1.2 Data Infrastructure Team
The Data Infrastructure team at Shopee is responsible for designing, building and maintaining the underlying systems that support data-centric operations across the company. We work to improve the speed, cost-effectiveness and accuracy of data flow by utilizing open-source technologies such as Kafka, Hadoop, Trino, HBase, Spark, Hive, Alluxio and Druid. Our goal is to provide a robust data platform that supports a variety of big data applications for all teams within the company.
1.3 Data Platform Architecture
Our data platform is designed to have four layers, storage, resource scheduling, compute engine, and platform product. In our current architecture, we are using HDFS and Ozone as our storage, and Yarn as the resource scheduler.

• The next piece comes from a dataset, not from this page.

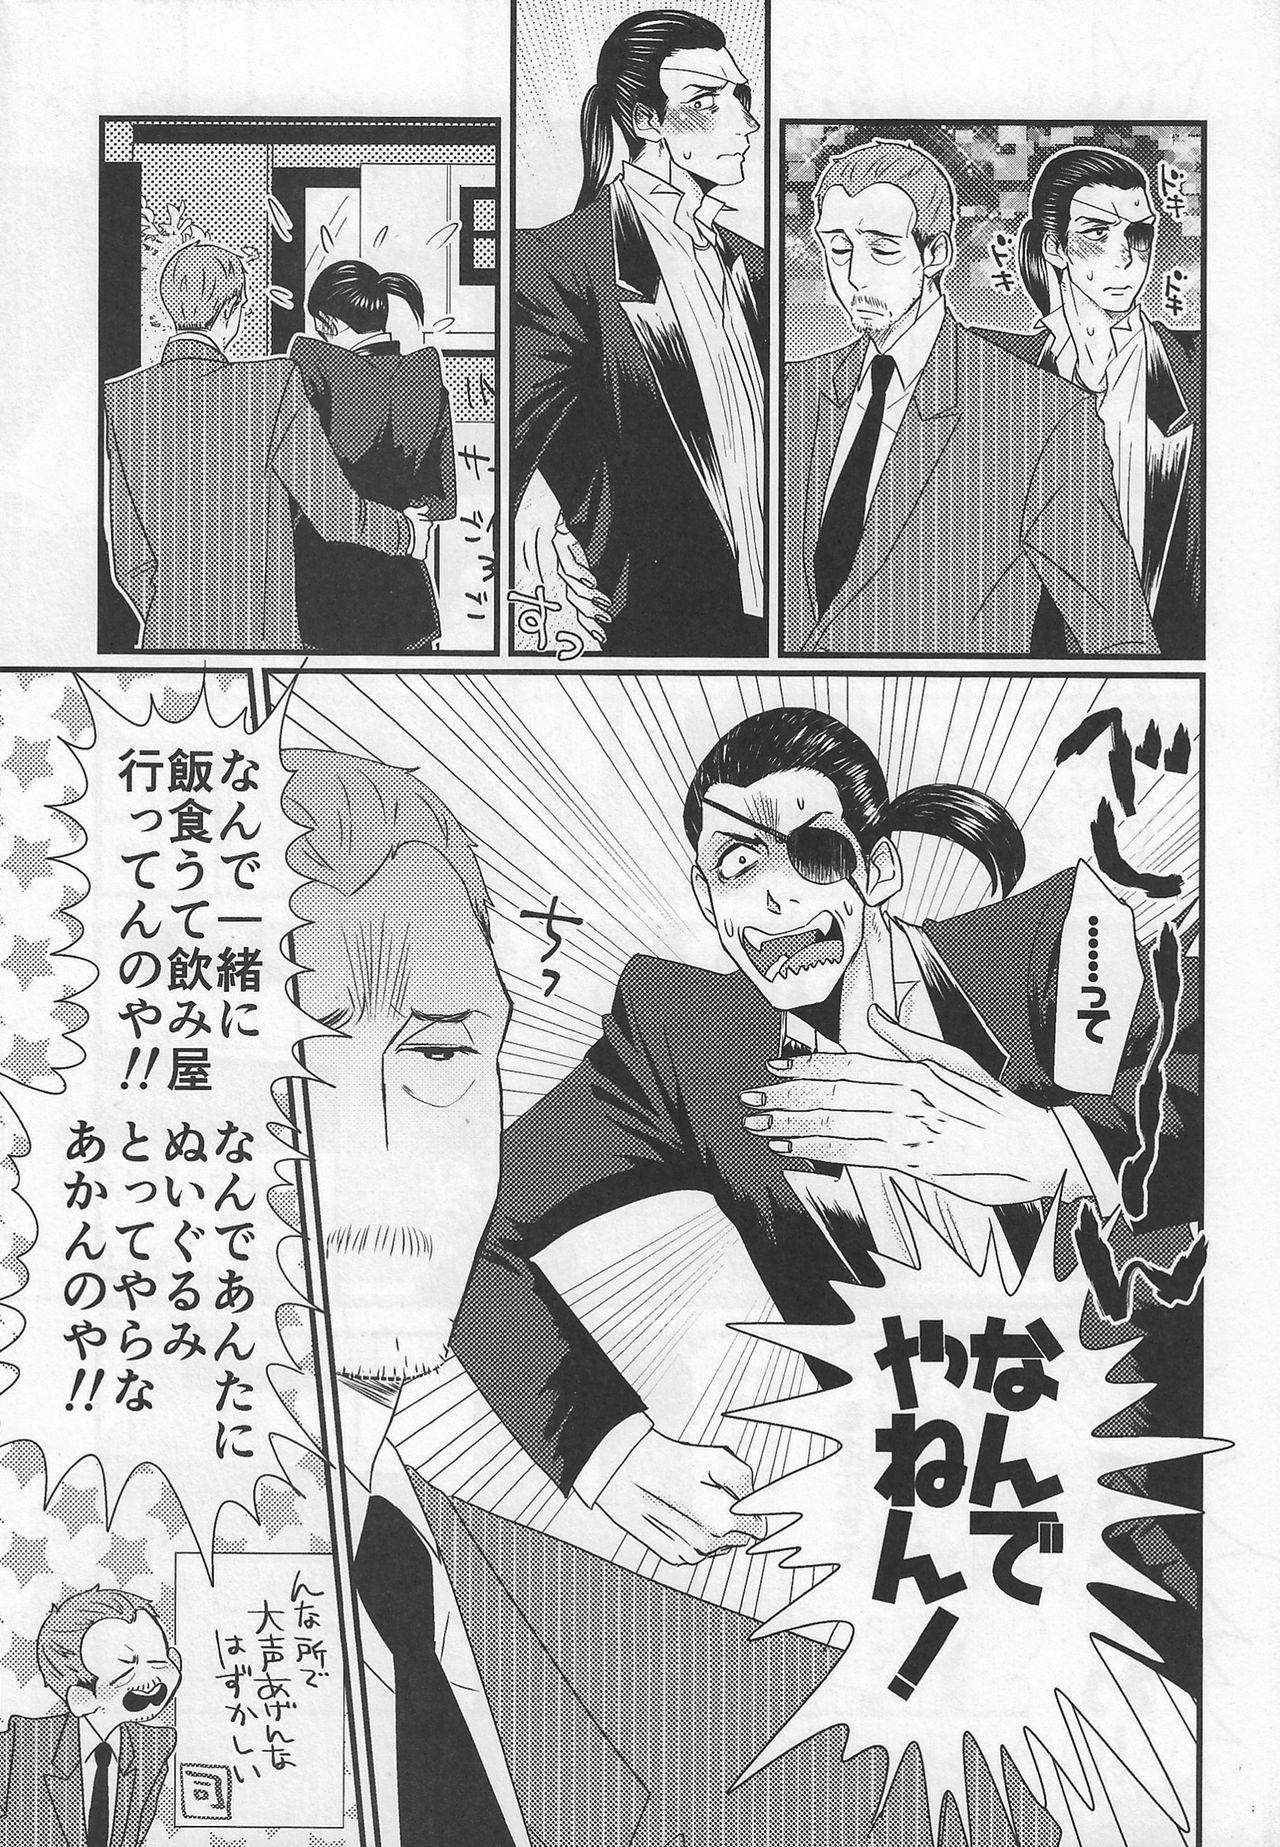 Exhibitionist Today Only - Ryu ga gotoku | yakuza Swing - Page 5

On top of that, Spark and Flink are our compute engines; and it is managed by our data management platform (DMP). The data platform supports applications such as search, recommendation, etc.
The scale of our HDFS cluster and Trino cluster are as follows:
HDFS:
Number of NodesThousandsStorage CapacityHundreds of PBsNumber of FilesBillionsMax QPSHundreds of thousands of queries per second
Trino:
Number of NodesThousands of instancesTP90~2 minutesInputDozens of PB per dayNumber of QueriesHundreds of thousands per day
2. Data Access Acceleration for Trino
2.1 Performance Challenges
There was a huge challenge to run Trino on top of a large-scale HDFS cluster with consistent performance.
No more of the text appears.